# New bike 105 components - brake hood assemblies loose



## Bigdog6286 (Apr 4, 2011)

I just bought a new bike with 2010 shimano 105 components. I must have put too much weight on my hoods because they seem loose where they attach to the bike. Is there an easy way to tighten them? I appreciate any help as I have unsuccessfully searched the Internet for close to 15 minutes for an answer with no luck (although using my phone). Bike is functioning properly. I'm just worried the whole brake&shifter assembly might fall off if I put too much weight on it.


----------



## j.king (Mar 23, 2005)

Fold the rubber hood forwards towards the brake lever and there is a 5mm hex key bolt that you can use to tighten the STI onto the handlebar more. You can't miss the bolt if you fold back the rubber on the hood.

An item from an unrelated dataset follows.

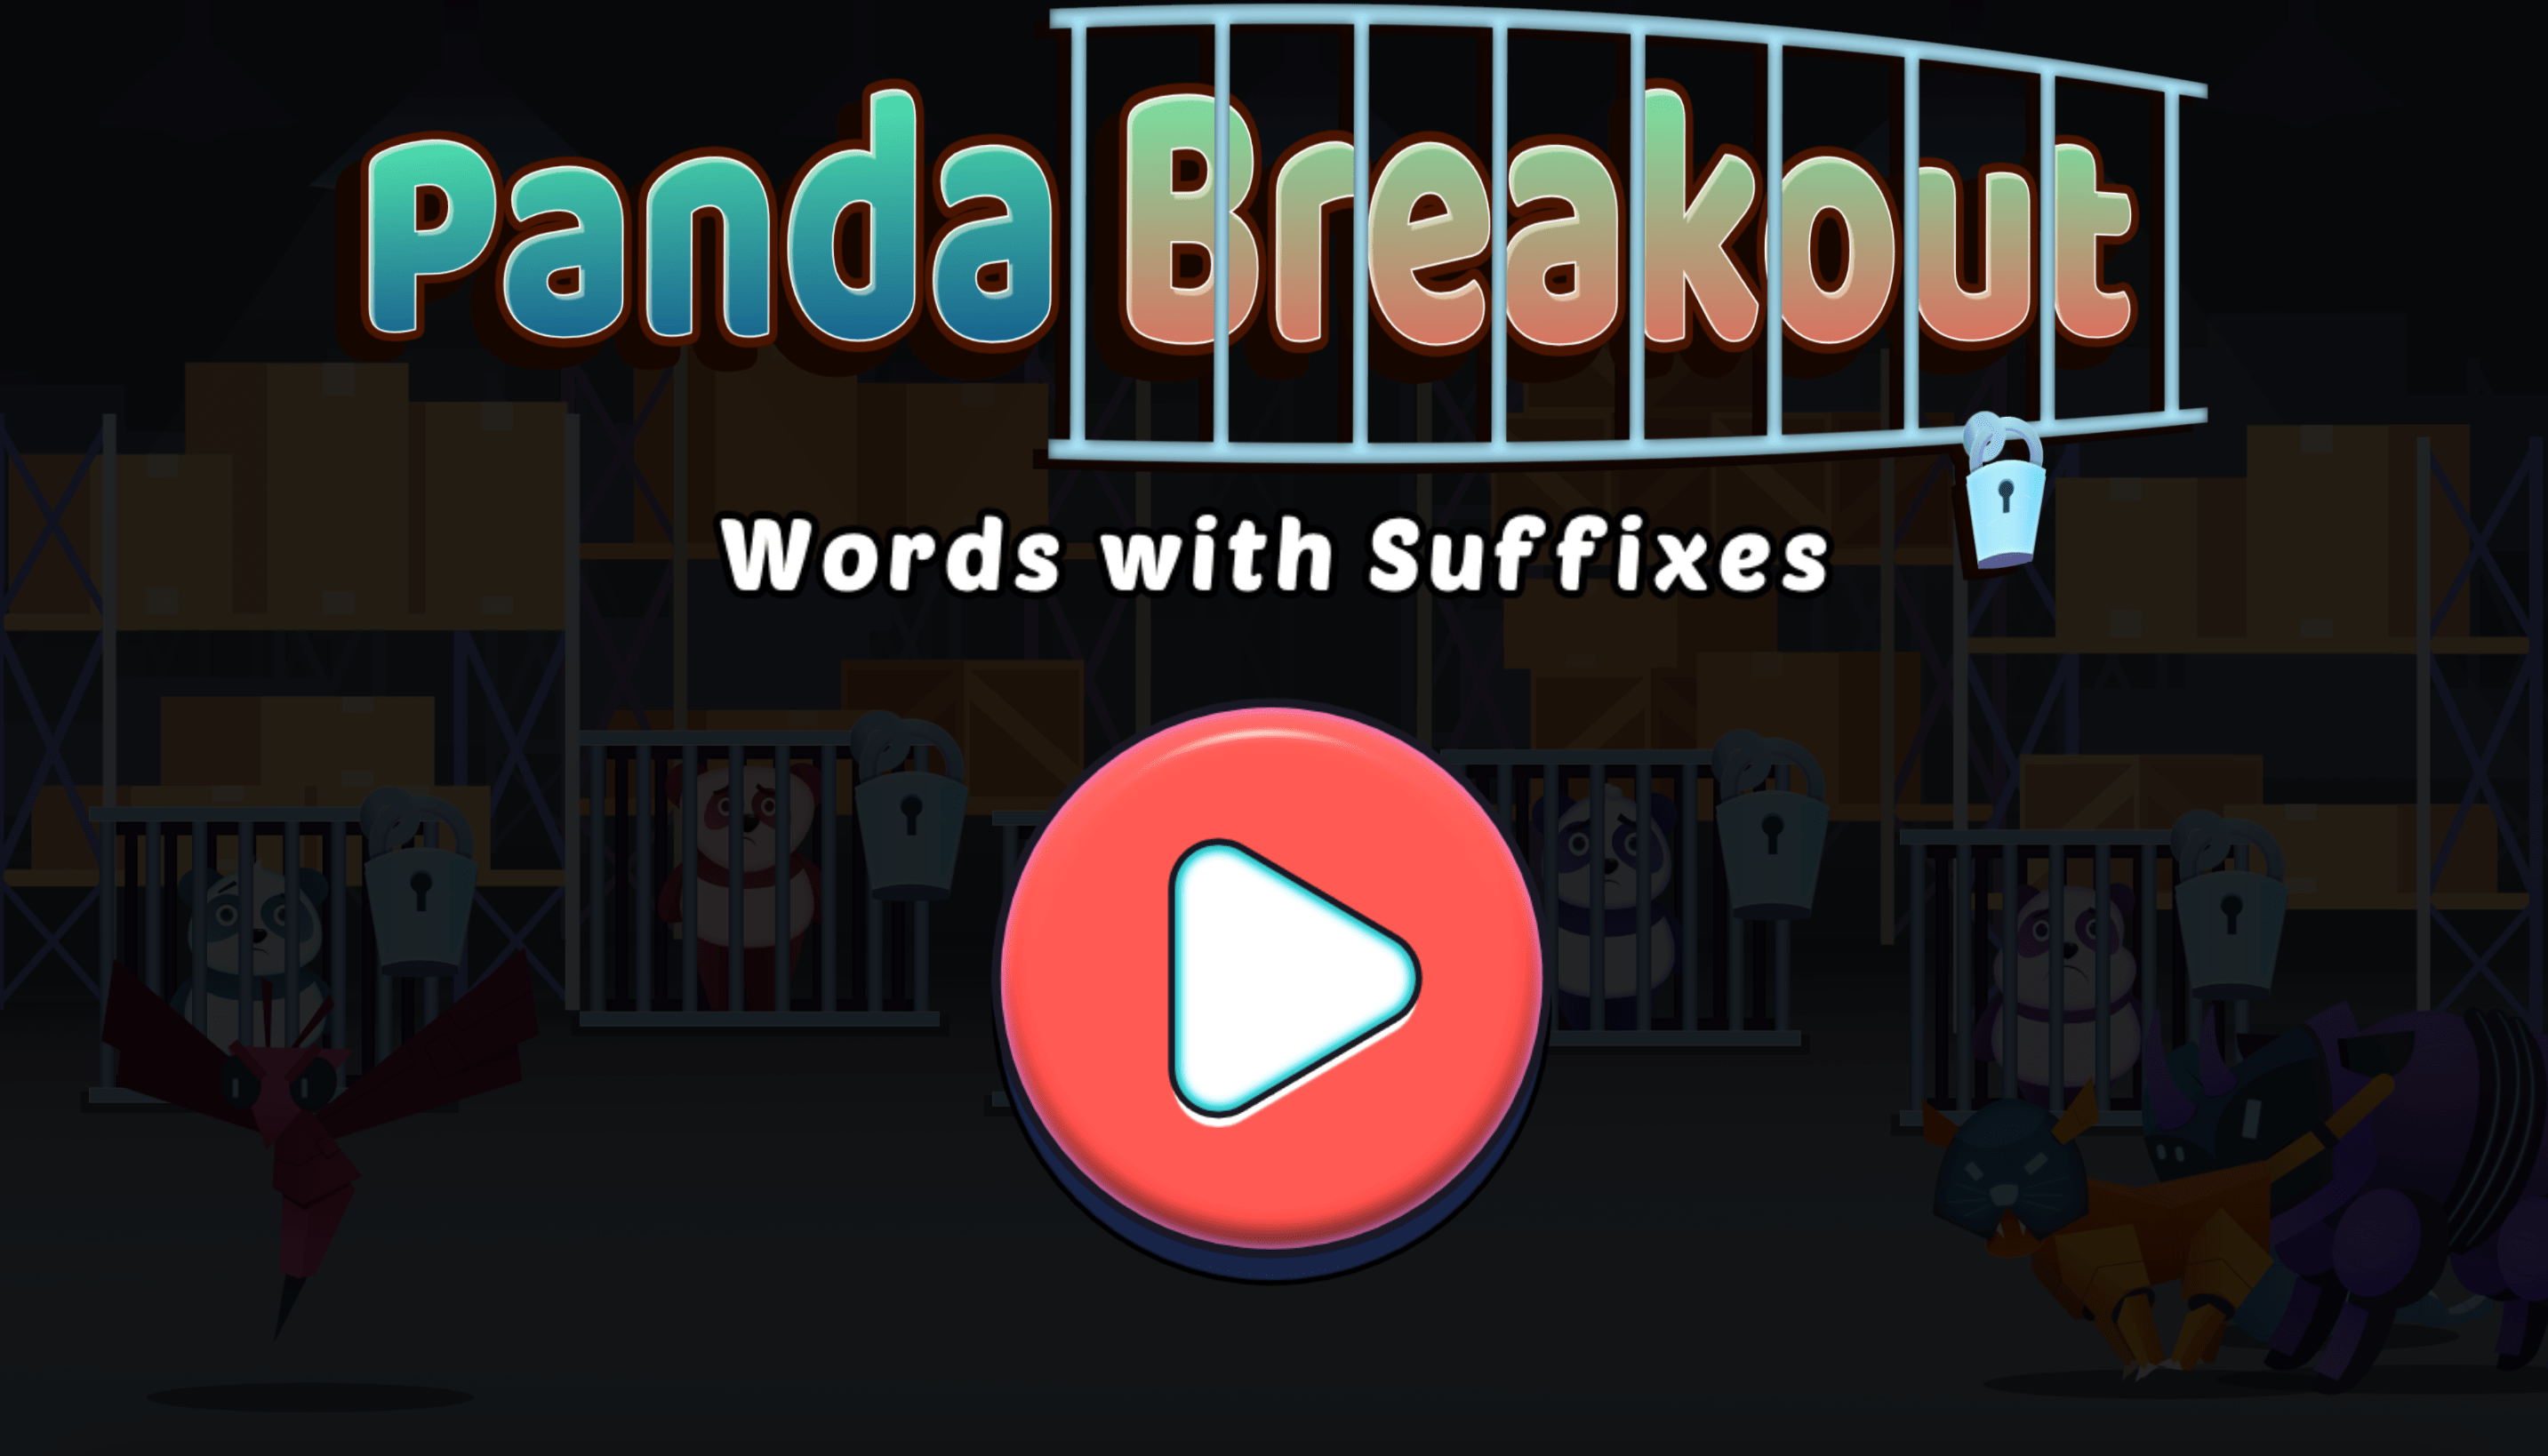 A game start screen with the title "Panda Breakout" and a large play button in the foreground

Be careful if you have a carbon bar though, you'd need a specific torque for tightening the STI onto the bar in that case.


----------



## Opus51569 (Jul 21, 2009)

Also, you can do a Google search for Shimano techdocs. They have detailed diagrams of all their components.


----------



## DaveT (Feb 12, 2004)

If you have the latest 105 shifters (5700) here's what it looks like with the hoods peeled back and the 5MM hex wrench in the head of the bolt that tightens/loosens the clamp. Don't over-tighten this bolt, you want the shifter to be able to pivot on the bars in case of a crash.


----------



## rwc (Jun 19, 2010)

Thanks DaveT - worked perfectly. I rolled the hood up off the handle bar and accessed the bolt that way since my hood didn't want to peel down.


----------